One is a 1987 300zx, white w/red interior, body seemed in ok condition for its age;no dings dents blemishes, no fading, slight peeling on lower front bumber on pass side........etc..., stock rims, forgot to look for the mileage, but going out in a bit to look again. automatic. 2100

the other, is a 91 300zx 2+2, unsure if ita a t, or a tt, gold/pearly paint, beige/brown interior, t-tops, stock rims, good looking paint, didnt see any damage or rust, but the killer is the mileage @ 199k. automatic. think they were asking 3k for it.

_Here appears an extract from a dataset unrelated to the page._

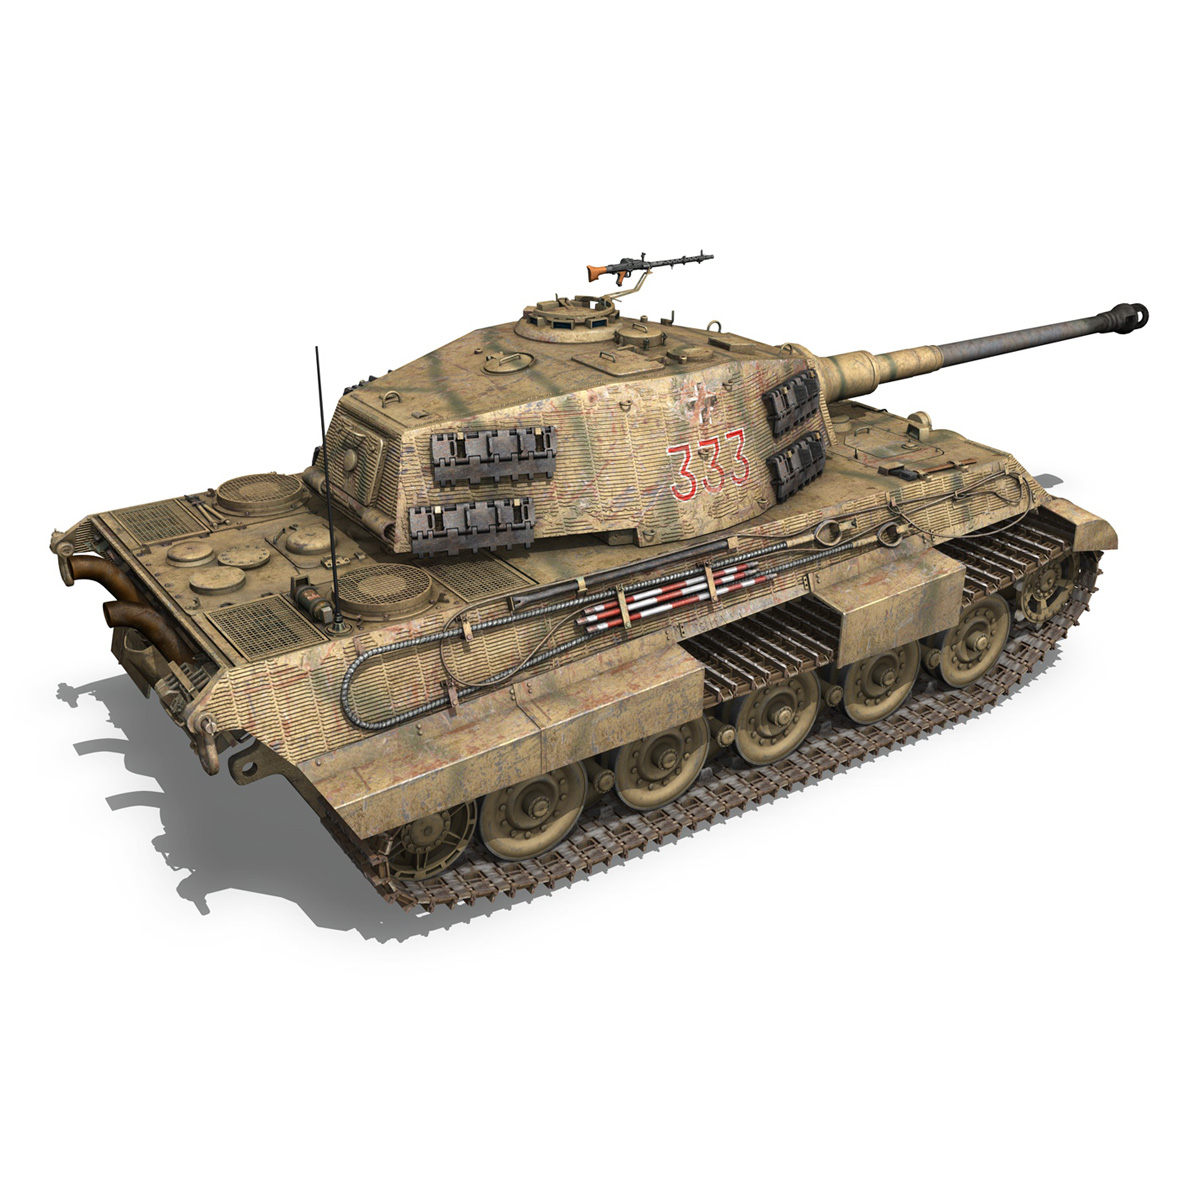 panzerkampfwagen vi – ausf.b – tiger ii – 333 3d model 3ds lwo lw lws obj c4d 265605

im wondering which would be the better one to get, if any. gotta say i have limited experience with working on cars mechanicly, and not an extencive collection of tools. also, what do these cars usually run in the stated conditions above? 

i really want one of these, but at the same time im dissapointed because they are auto's. but i also dont wanna miss a chance to get something i may be able to work on as a project car.

Pics of the 87 can be found in the link at the end, but i warn ya the size is big, cause i dont have time to shrink em atm.

any and all comments are welcome.

it rained this morning, so thats what all the silvery things are on the windows. and i just noticed my car is in the first pic on the lft 
http://nelp.net/slayer/Z car/


----------



## James (Apr 29, 2002)

there was a buyers guide on SCC like two months ago for the Z car, gave the basic break down of all the options and known problems and stuff. Mike (K)... what month was that?


----------



## zZidawg2836Zz (Oct 3, 2003)

I would wait to find a manual if thats what u really want.199k is alot of miles, I would think there are a lot of problems with that car. If it's a 2+2 then its not a TT. Only the 2 seaters are TT. If you really want the full effect of a 300zx I would save up for a late 80's turbo ZX or a 90-96 TT ZX. That's what I would do but I dont know what you want out of your Z. I just bought a 91ZX TT not too long ago because it was my dream car and i love it!


----------



## asleepz (Feb 24, 2004)

and if your looking at a TT modle try for a 1995


----------



## danifilth (May 14, 2003)

I would run upstairs to get that issue of SCC but Im lazy,BTW its the turbo or crazy boost issue with the Candy apple red R32 on the cover.Hope that helps if not let me know and I will get off my ass.


----------